4.1 Models’ prediction for the constant speed condition

As can be seen in Table 1, the Lasso models were able to predict the Powerful attribute with a coefficient of determination of 91% using only three predictors, the Aggressive attribute with a coefficient of determination of 86% using only one predictor, the Metallic attribute with a coefficient of determination of 84% using only two predictors, the Soft attribute with a coefficient of determination of 97% using only two predictors, the Vibrating attribute with a coefficient of determination of 85% using only three predictors, the Noisy attribute with a coefficient of determination of 95% using only two predictors, and the overall Desire-to-Buy with a coefficient of determination of 88% using only two predictors. The models derived from Lasso were also able to predict the average scores of PC1 with a coefficient of determination of 81% with only two predictors, and the average scores of PC2 with a coefficient of determination of 88% with only two predictors. All predictors were selected by the Lasso algorithm, which identifies the most relevant metrics (i.e., those that minimize prediction error) from the 127 available, with a maximum of three metrics per model.

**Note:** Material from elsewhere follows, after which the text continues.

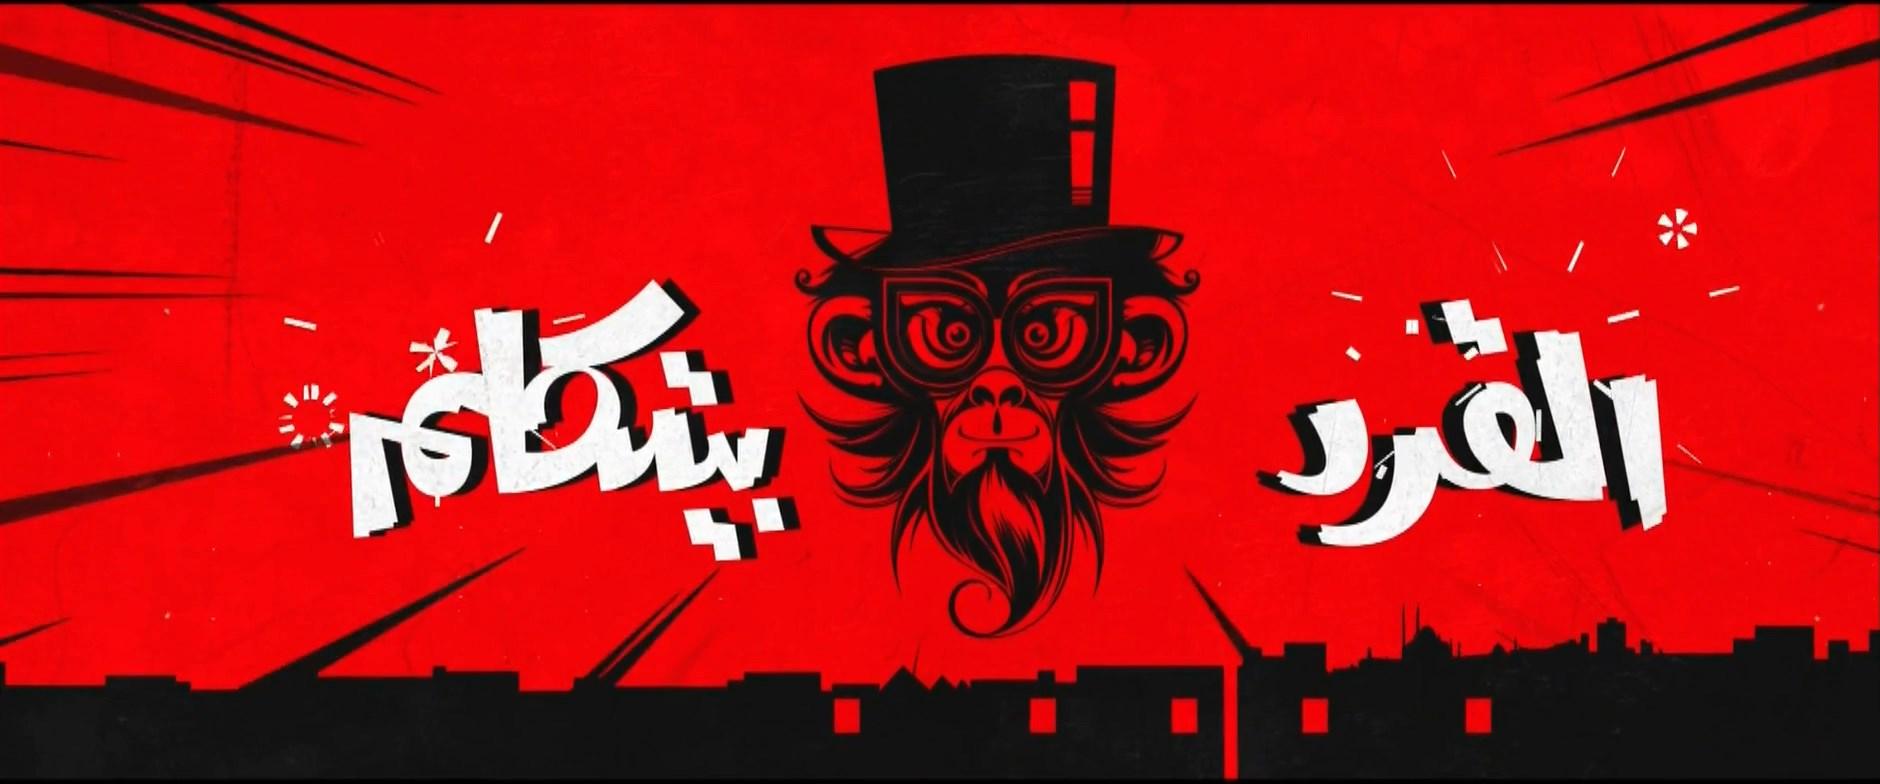 تحميل فيلم القرد بيتكلم HD بطوله احمد الفيشاوي 14991210

The high adjusted coefficients of determination (adjusted R2) and low p-values indicate that each of these models can be considered statistically reliable. Based on the model’s estimated coefficients, the following conclusions can be drawn regarding the constant speed condition:

Powerful attribute: the specific loudness of Bark 4 positively impacts this model, while the specific loudness of Bark 14 and the level (dB) per 1/3 octave band of the 4,000 Hz band (3,548 Hz–4,467 Hz) negatively impact it. This means that 1) an increase in the energy in this low-frequency range (Bark 4) makes the sound feel more powerful and robust, 2) excessive energy in this higher frequency range (Bark 14) can make the sound feel less powerful, and 3) higher levels of energy in the 4,000 Hz band can reduce the overall sense of power.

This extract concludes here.